Atkinson was a prolific writer whose books achieved wide circulation among New Thought devotees and occult practitioners. He published under several pen names, including Magus Incognito, Theodore Sheldon, Theron Q. Dumont, Swami Panchadasi, Yogi Ramacharaka, Swami Bhakta Vishita, and probably other names not identified. He is also popularly held to be one (if not all) of the Three Initiates who anonymously authored
The Kybalion.
Titles written under the name William Walker Atkinson These works treat themes related to the mental world, occultism, divination, psychic reality, and mankind's nature. They constitute a basis for what Atkinson called "New Psychology" or "New Thought". Titles include
Thought Vibration or the Law of Attraction in the Thought World, and
Practical Psychomancy and Crystal Gazing: A Course of Lessons on the Psychic Phenomena of Distant Sensing, Clairvoyance, Psychometry, Crystal Gazing, etc.. Although most of the Atkinson titles were published by Atkinson's own Advanced Thought Publishing Company in Chicago, with English distribution by L. N. Fowler of London, England, at least a few of his books in the "New Psychology" series were published by
Elizabeth Towne in Mount Holyoke, Massachusetts, and offered for sale in her New Thought magazine
The Nautilus. One such title, for which Atkinson is credited as the author, with the copyright internally assigned to Towne, is
The Psychology of Salesmanship, published in 1912. The probable reason that Atkinson made an assignment of copyright to Towne is that his "New Psychology" books had initially been serialized in Towne's magazine, where he was a freelance writer from 1912 at least through 1914.
Titles written under pseudonyms These include Atkinson's teachings on Yoga and Oriental philosophy, as well as New Thought and occult titles. They were written in such a way as to form a course of practical instruction.

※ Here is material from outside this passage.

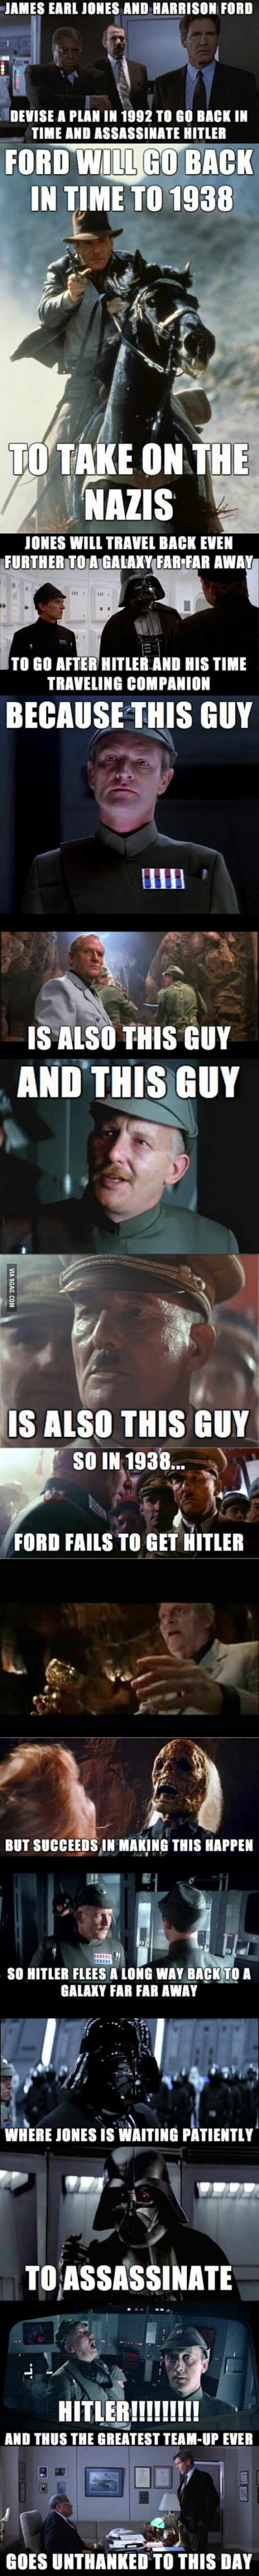 James Earl Jones and Harrison Ford devise a plan kill Hitler

Yogi Ramacharaka titles When Atkinson wrote under the pseudonym Yogi Ramacharaka, he claimed to be a Hindu. As Ramacharaka, he helped to popularize Eastern concepts in America, with
Yoga and a broadly-interpreted
Hinduism being particular areas of focus. The works of Yogi Ramacharaka were published over the course of nearly ten years beginning in 1903. Some were originally issued as a series of lectures delivered at the frequency of one lesson per month. Additional material was issued at each interval in the form of supplementary text books. Ramacharaka's
Advanced Course in Yoga Philosophy and Oriental Occultism remains popular in some circles. According to Atkinson's publisher, the Yogi Publication Society, some of these titles were inspired by a student of the "real" Yogi Ramacharaka, Baba Bharata, although there is no historical record that either of these individuals ever existed.
Swami Bhakta Vishita titles Atkinson's second Hindu-sounding pseudonym, Swami Bhakta Vishita, billed as "The Hindoo Master" did not write on the topic of Hinduism. His best-known titles were "The Development of Seership: The Science of Knowing the Future; Hindoo and Oriental Methods" (1915), "Genuine Mediumship, or Invisible Powers", and "Can We Talk to Spirit Friends?" Atkinson produced more than two dozen Swami Bhakta Vishita books, plus a half-dozen saddle-stitched paper pamphlets under the Vishita name. All of them dealt with clairvoyance, mediumship, and the afterlife. Like Ramacharaka, Vishita was listed as a regular contributor to Atkinson's
Advanced Thought magazine, but his books were published by the Advanced Thought Publishing Company, not by the Yogi Publication Society, which handled the Ramacharaka titles.
Swami Panchadasi titles The work that Atkinson produced under his third Hindu-sounding pseudonym, Swami Panchadasi, failed to capture a wide general audience. The subject matter, clairvoyance and occult powers, was not authentically Hindu, either.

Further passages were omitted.